Although IMPT-DGT requires more beam directions than IMPT-SS to achieve similar non-uniform dose distributions, the determination of the optimal number of beam directions and orientations for both methods is a difficult problem that is not investigated in the current work.

Two beam configurations were used for the IMPT-DGT plans. The IMPT-DGTfull configuration used 51 beams equally spaced over 360°, and the IMPT-DGThalf configuration used 25 beams spaced over 180°. The angular separation between the beams was equal for both configurations.

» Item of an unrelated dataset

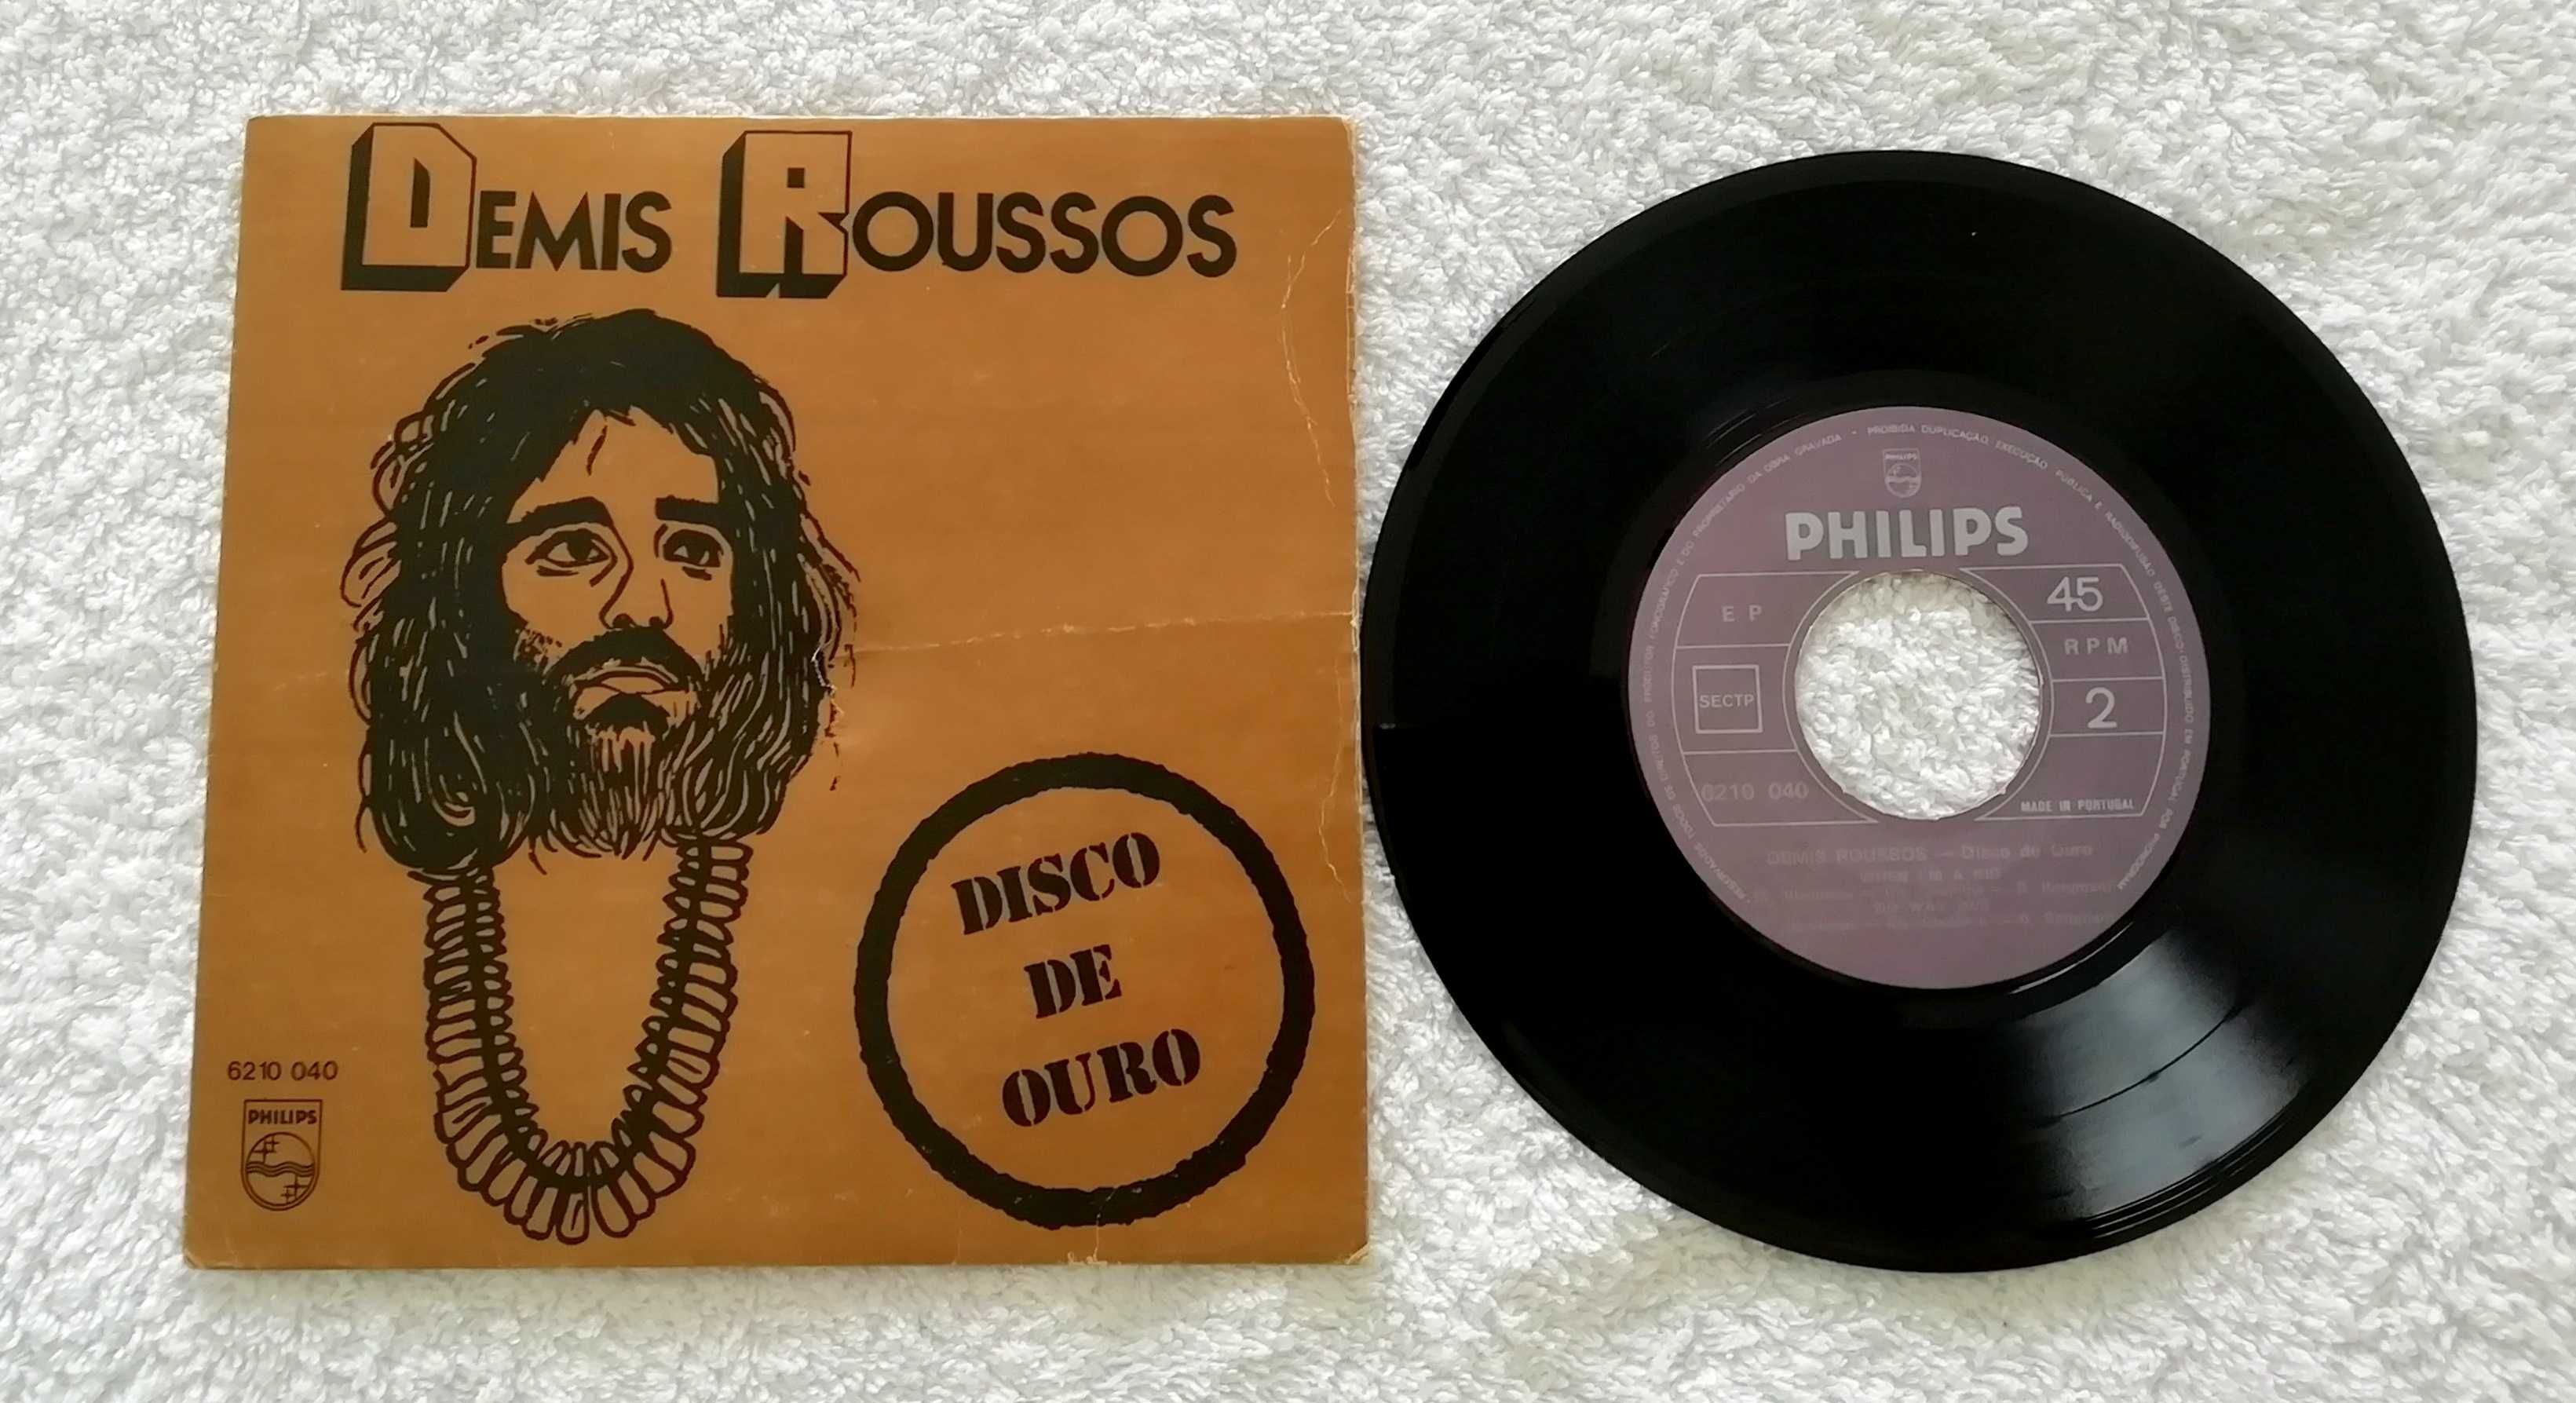 Disco Vinil Demis Roussos – Disco de Ouro

2.3.3. IMPT dose calculations

The proton pencil beams had a Gaussian lateral full width at half maximum (FWHM) of 8 mm in air at isocentre, were separated by 3.5 mm in the lateral dimension, and 5 mm in the depth dimension for the case of IMPT-SS, as specified in table 2. These are similar to the parameters used for IMPT-SS at PSI (Lomax et al 2004). As only the central slice of the phantom was used in the optimization process, spots were placed on a 2-D matrix rather than throughout the entire 3-D volume. It was assumed that arbitrary proton beam spot intensities were deliverable.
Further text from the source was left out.